| Data excerpt |

== Segment start ==

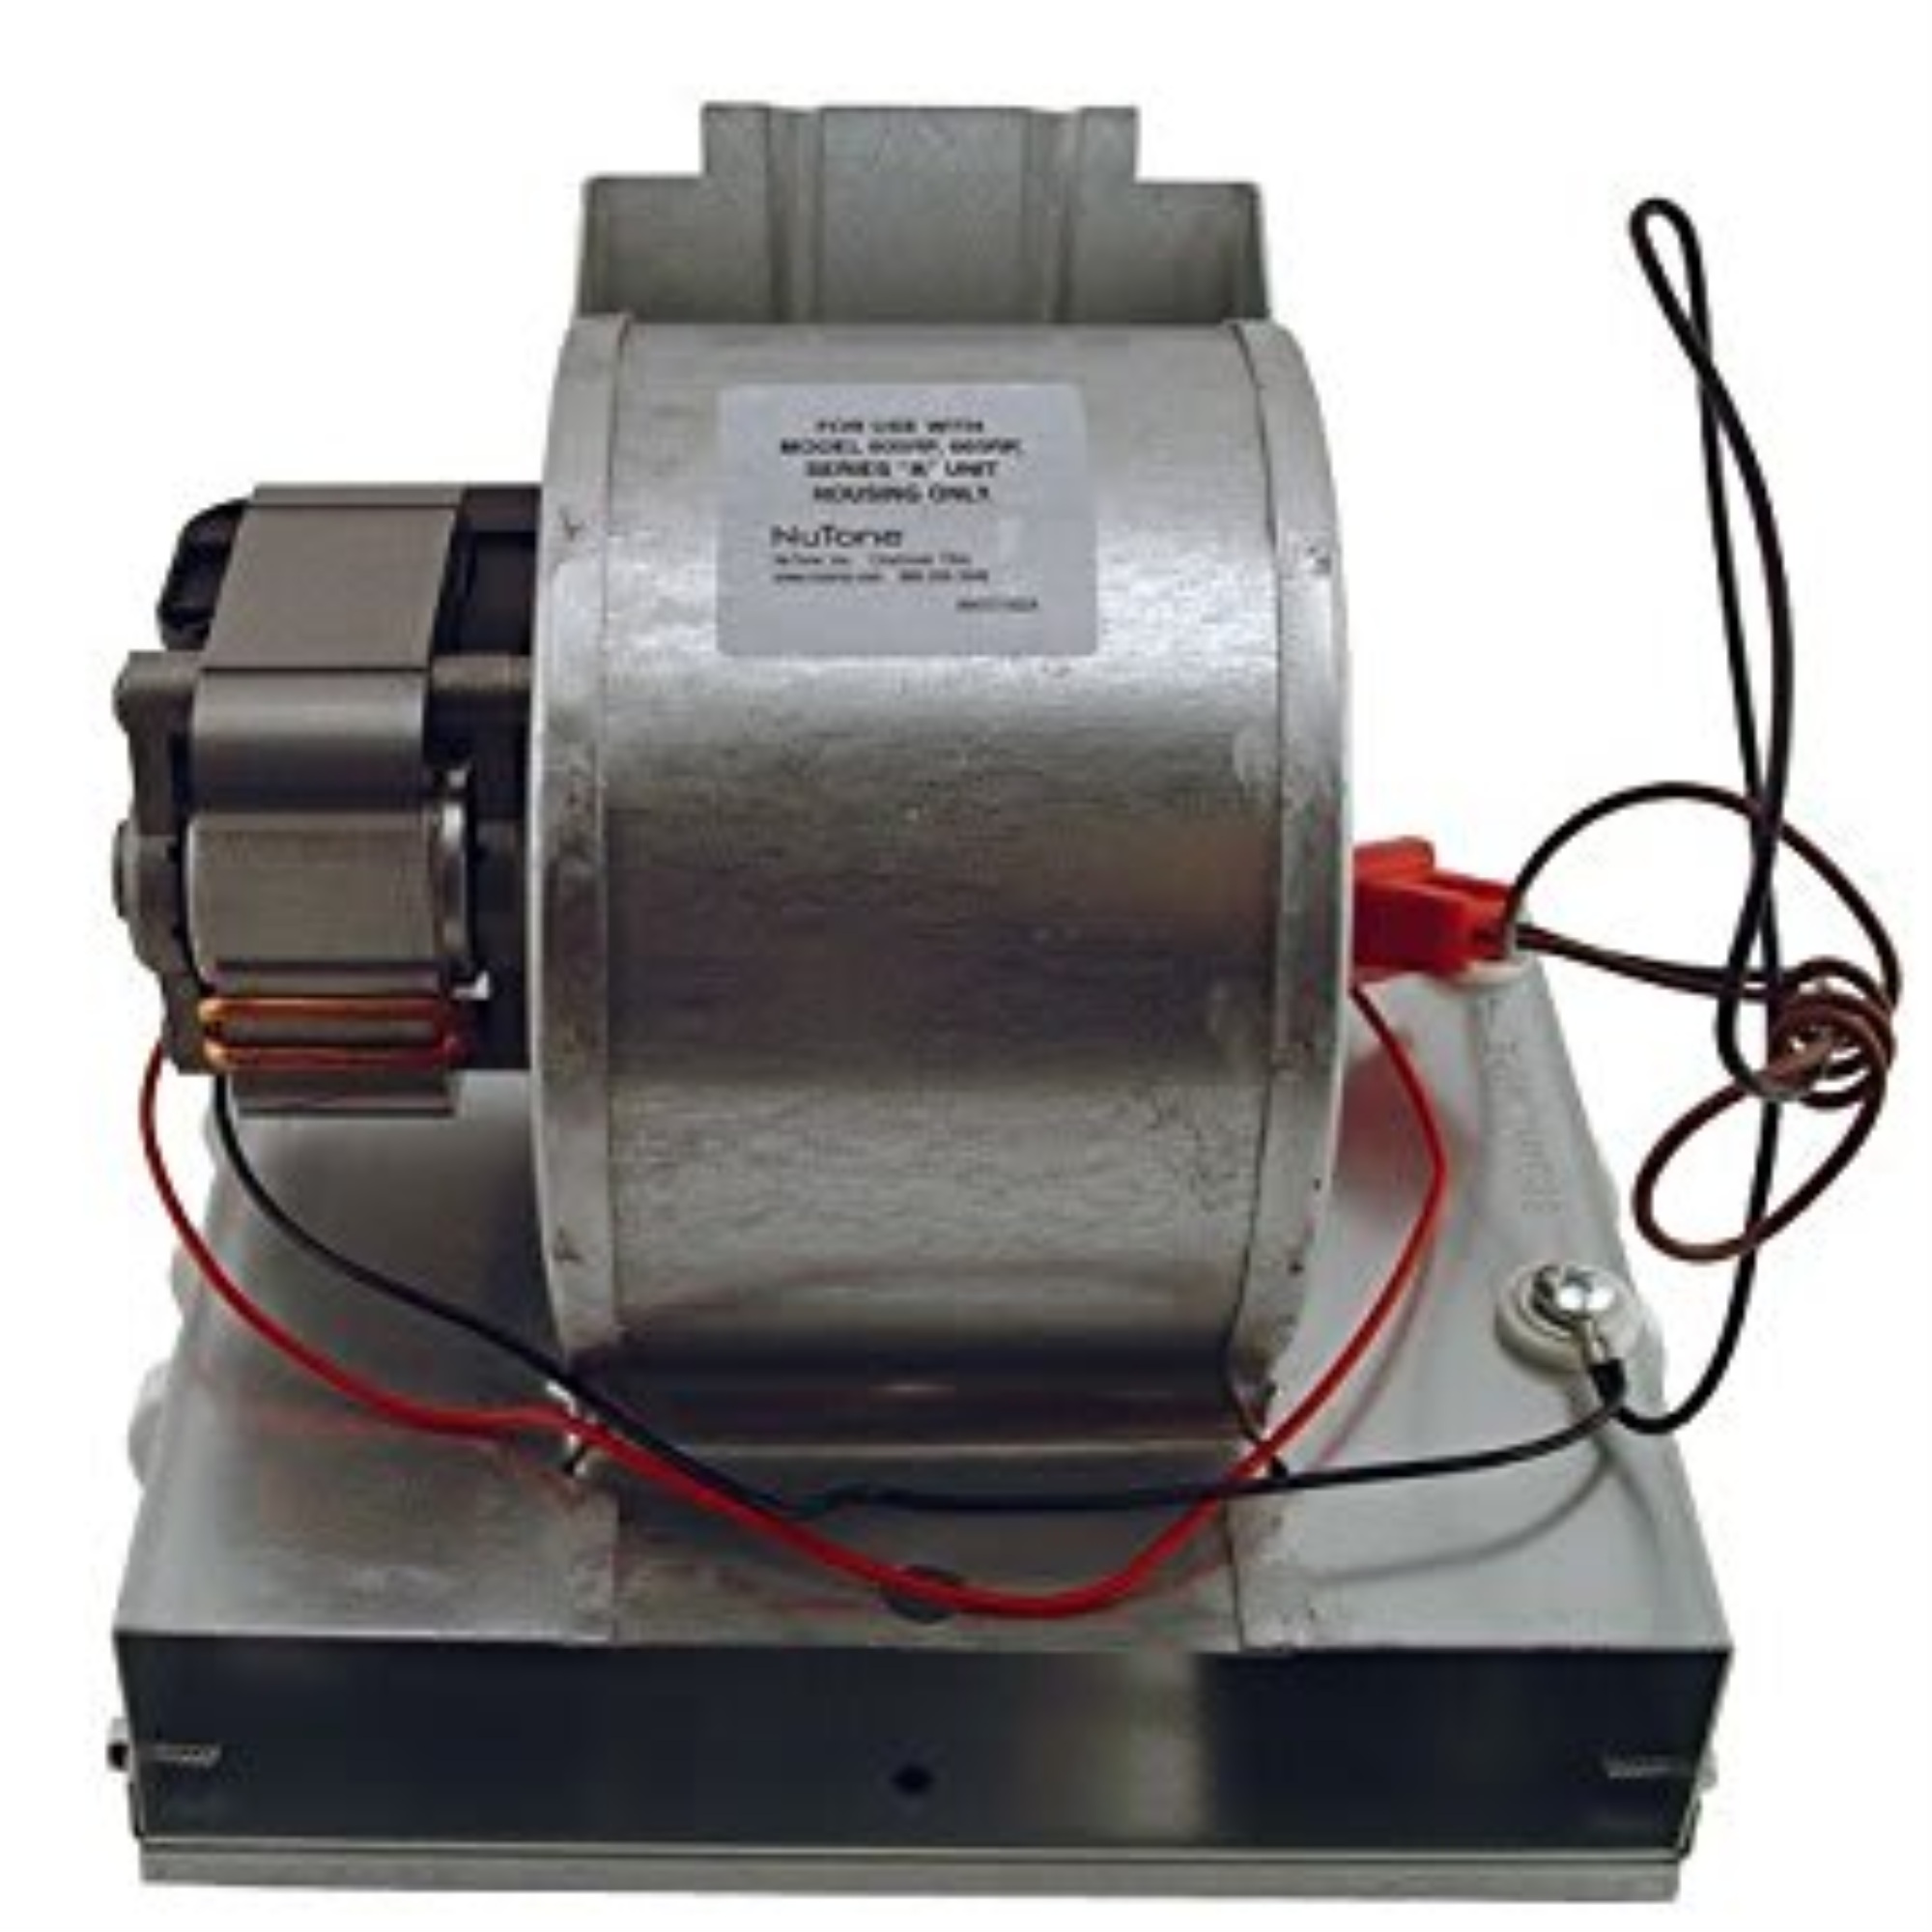 Broan NuTone S97017648 Heater Motor Assembly
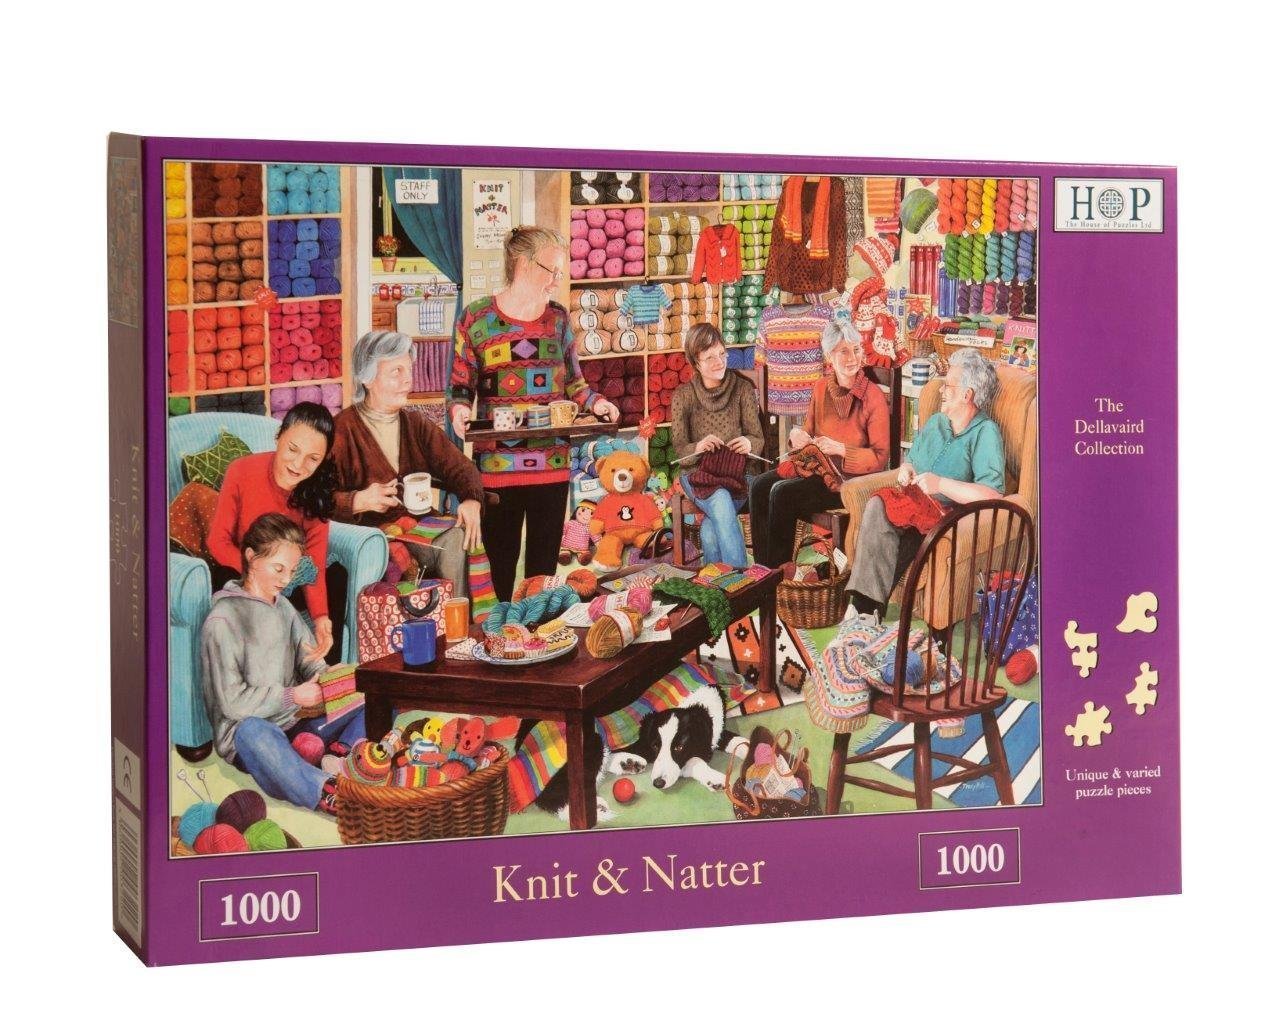 Knit & Natter 1000 PC Jigsaw Puzzle
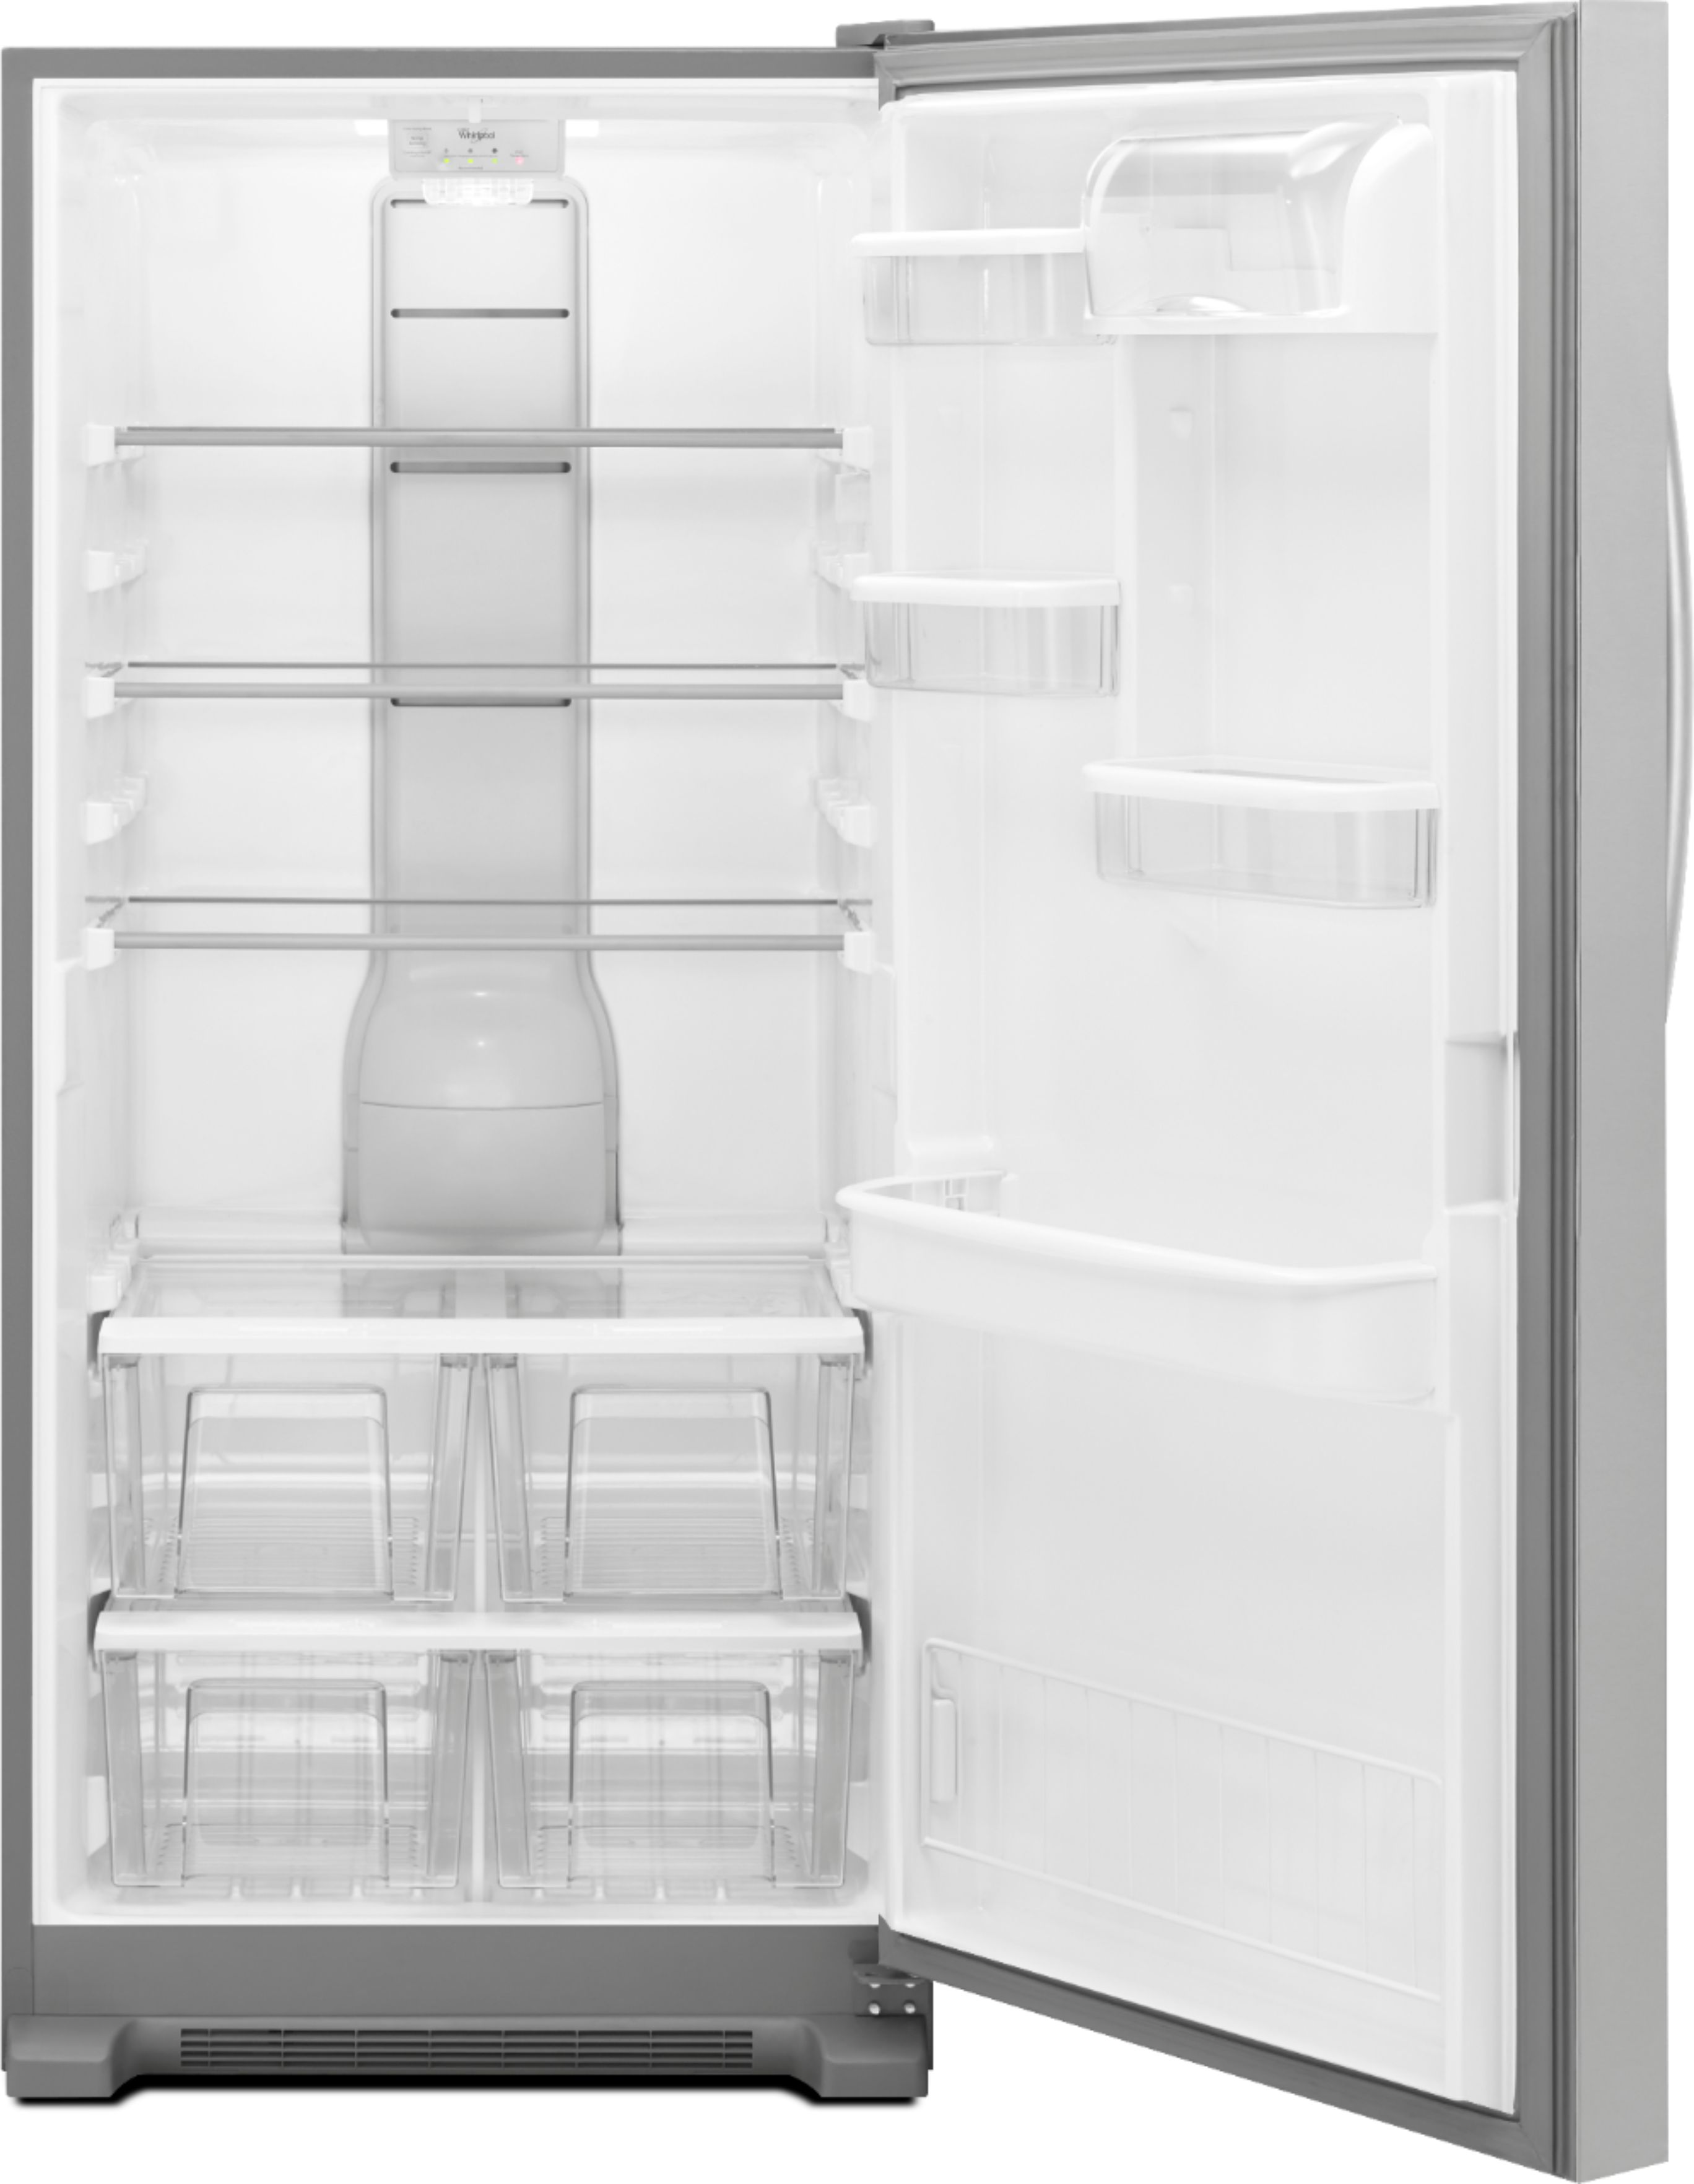 Customer Reviews: Whirlpool SideKicks 17.7 Cu. Ft. Refrigerator Whirlpool 17.7 Cu Ft Top Freezer Refrigerator Monochromatic Stainless Steel

== Segment end ==

| Task |
Strip the images and return the remaining data exactly.

| The answer |
 Broan NuTone S97017648 Heater Motor Assembly
 Knit & Natter 1000 PC Jigsaw Puzzle
 Customer Reviews: Whirlpool SideKicks 17.7 Cu. Ft. Refrigerator Whirlpool 17.7 Cu Ft Top Freezer Refrigerator Monochromatic Stainless Steel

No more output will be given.